## TASK GOAL
Begin at the line below that holds "俄罗斯油画《列宁格勒被围困的日子》" and end at the line that holds "Monini Classico Extra", transcribing each line exactly and skipping any picture.

## DATA SUPPLIED
────
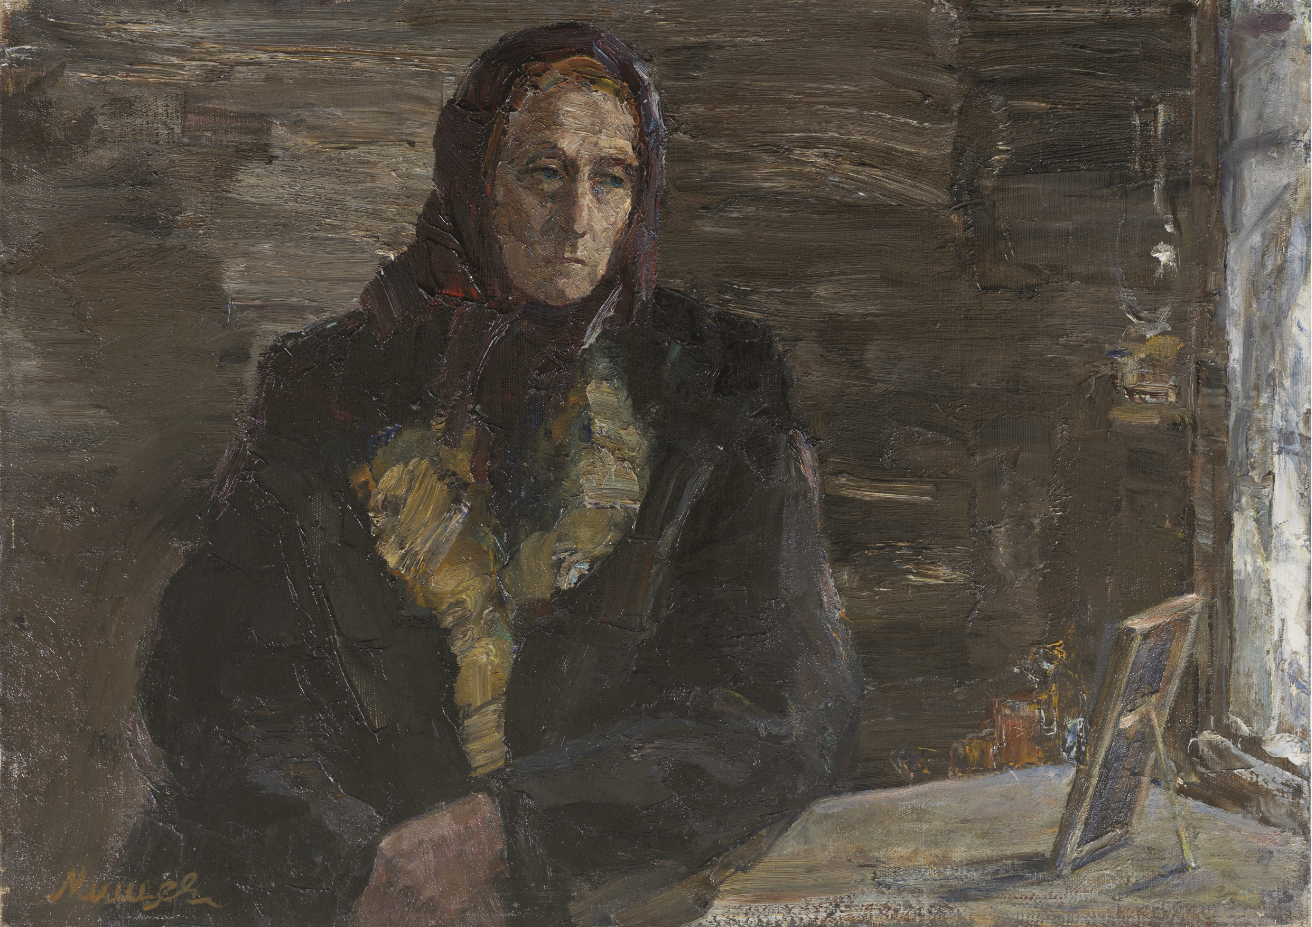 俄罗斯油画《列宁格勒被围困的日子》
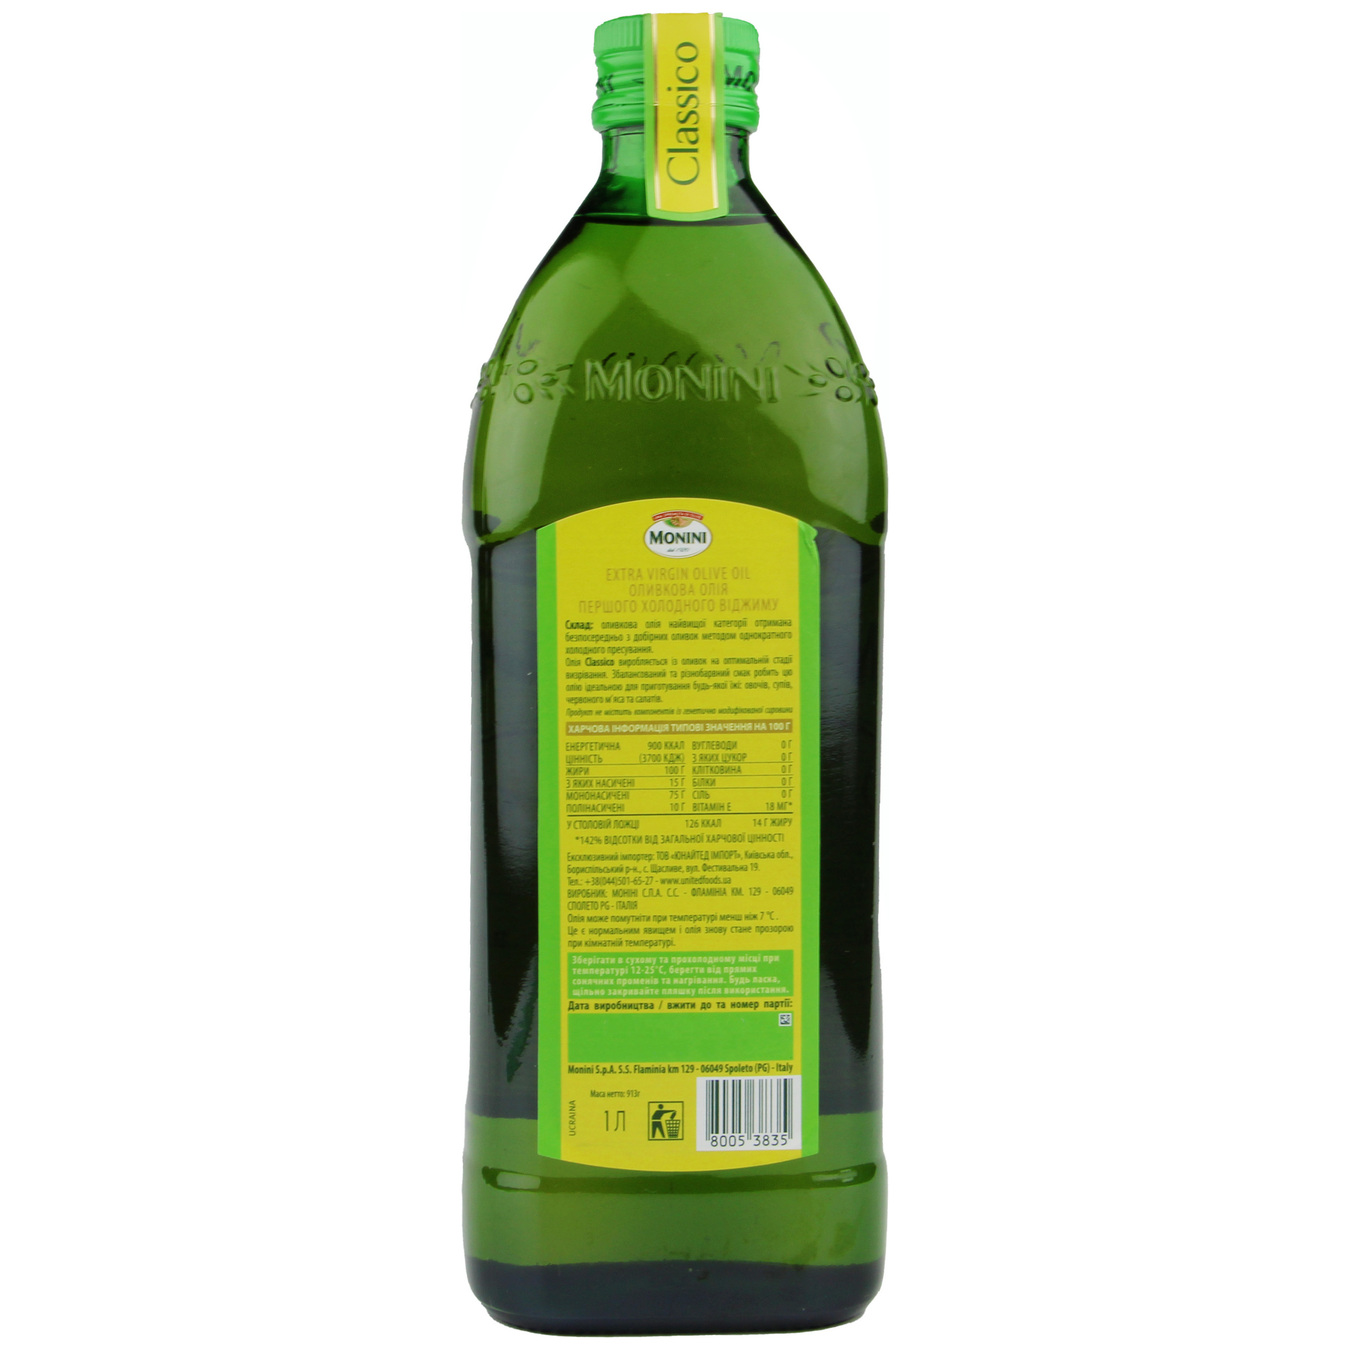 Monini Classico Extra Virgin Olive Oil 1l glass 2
────
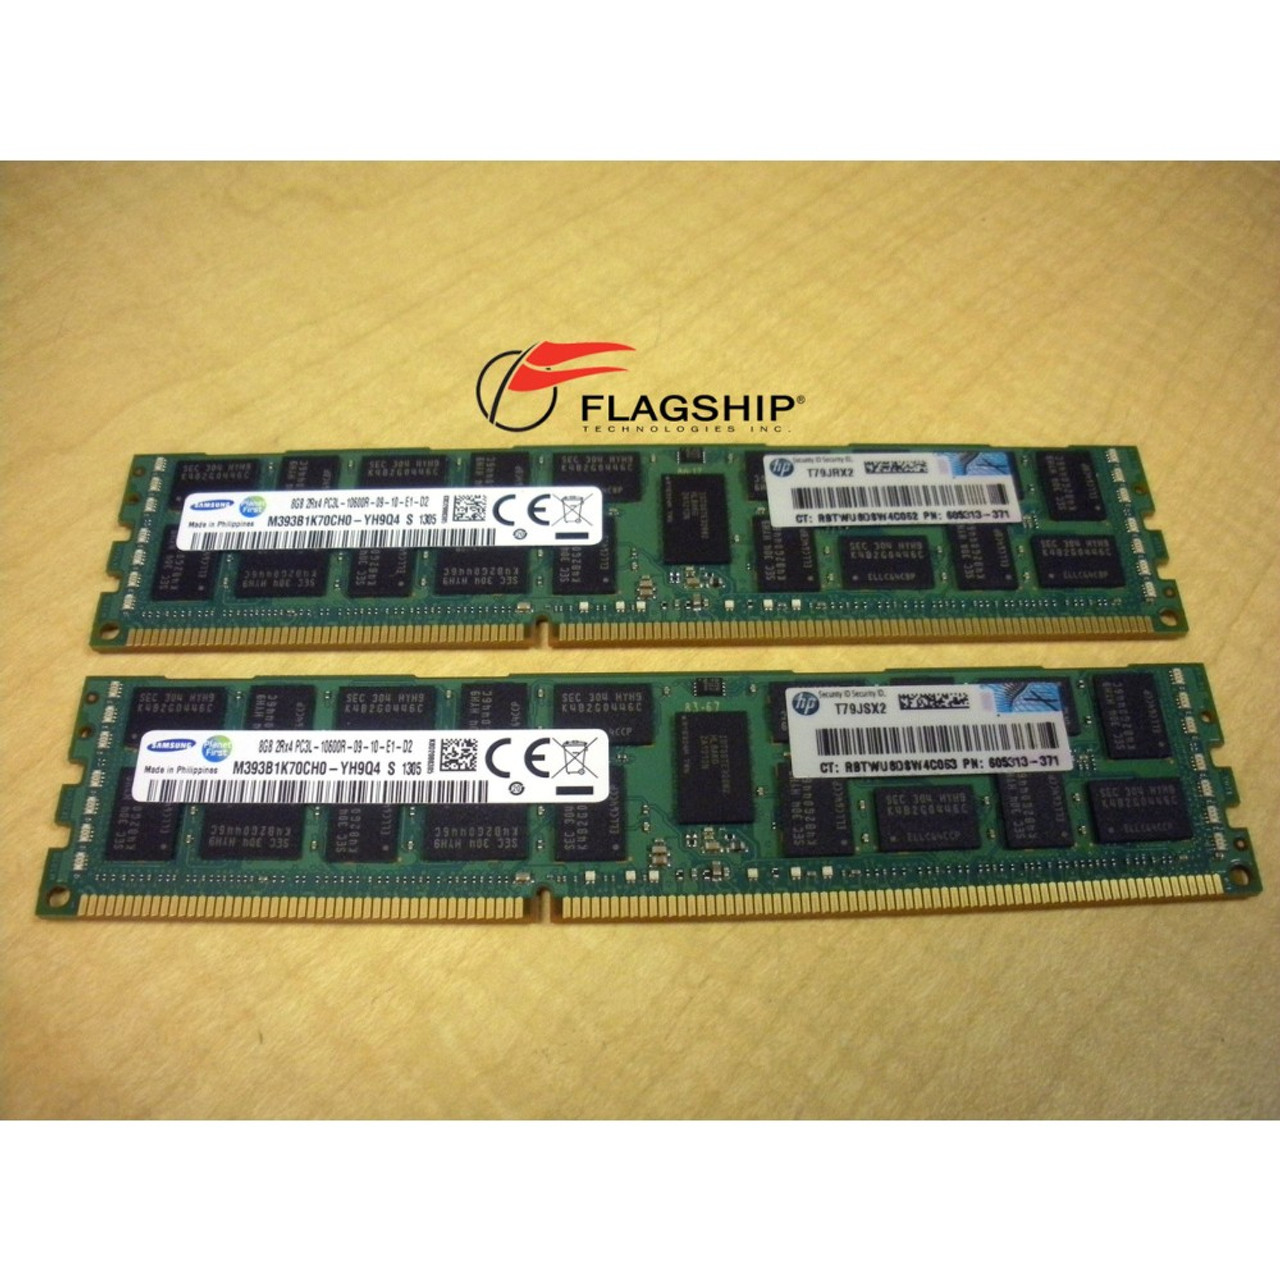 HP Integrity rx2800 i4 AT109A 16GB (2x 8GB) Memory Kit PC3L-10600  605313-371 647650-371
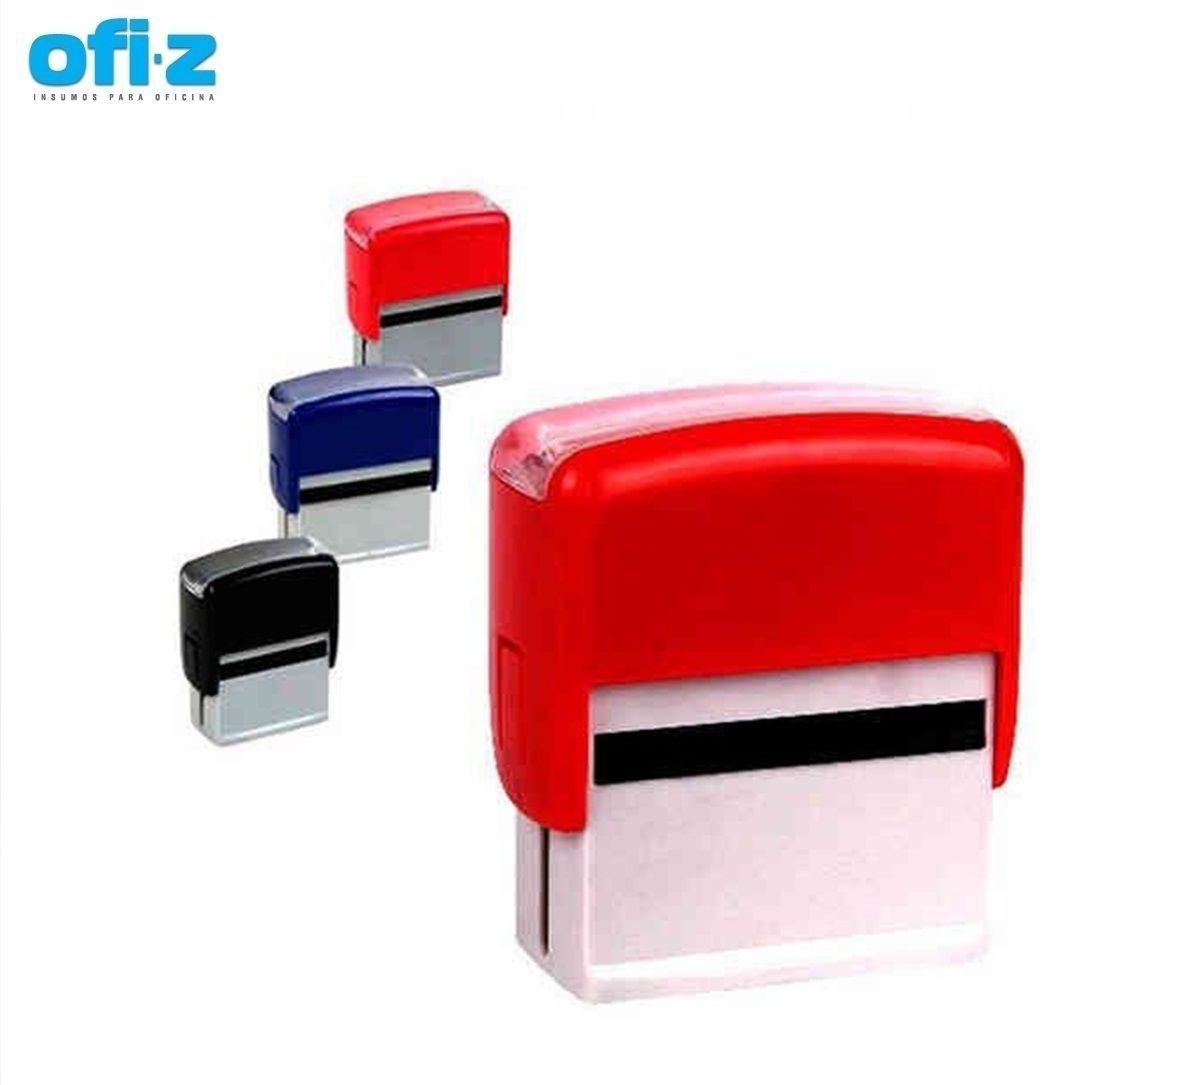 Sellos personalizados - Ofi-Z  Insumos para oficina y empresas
────
## ANSWER TO THE EXERCISE
 俄罗斯油画《列宁格勒被围困的日子》
 Monini Classico Extra Virgin Olive Oil 1l glass 2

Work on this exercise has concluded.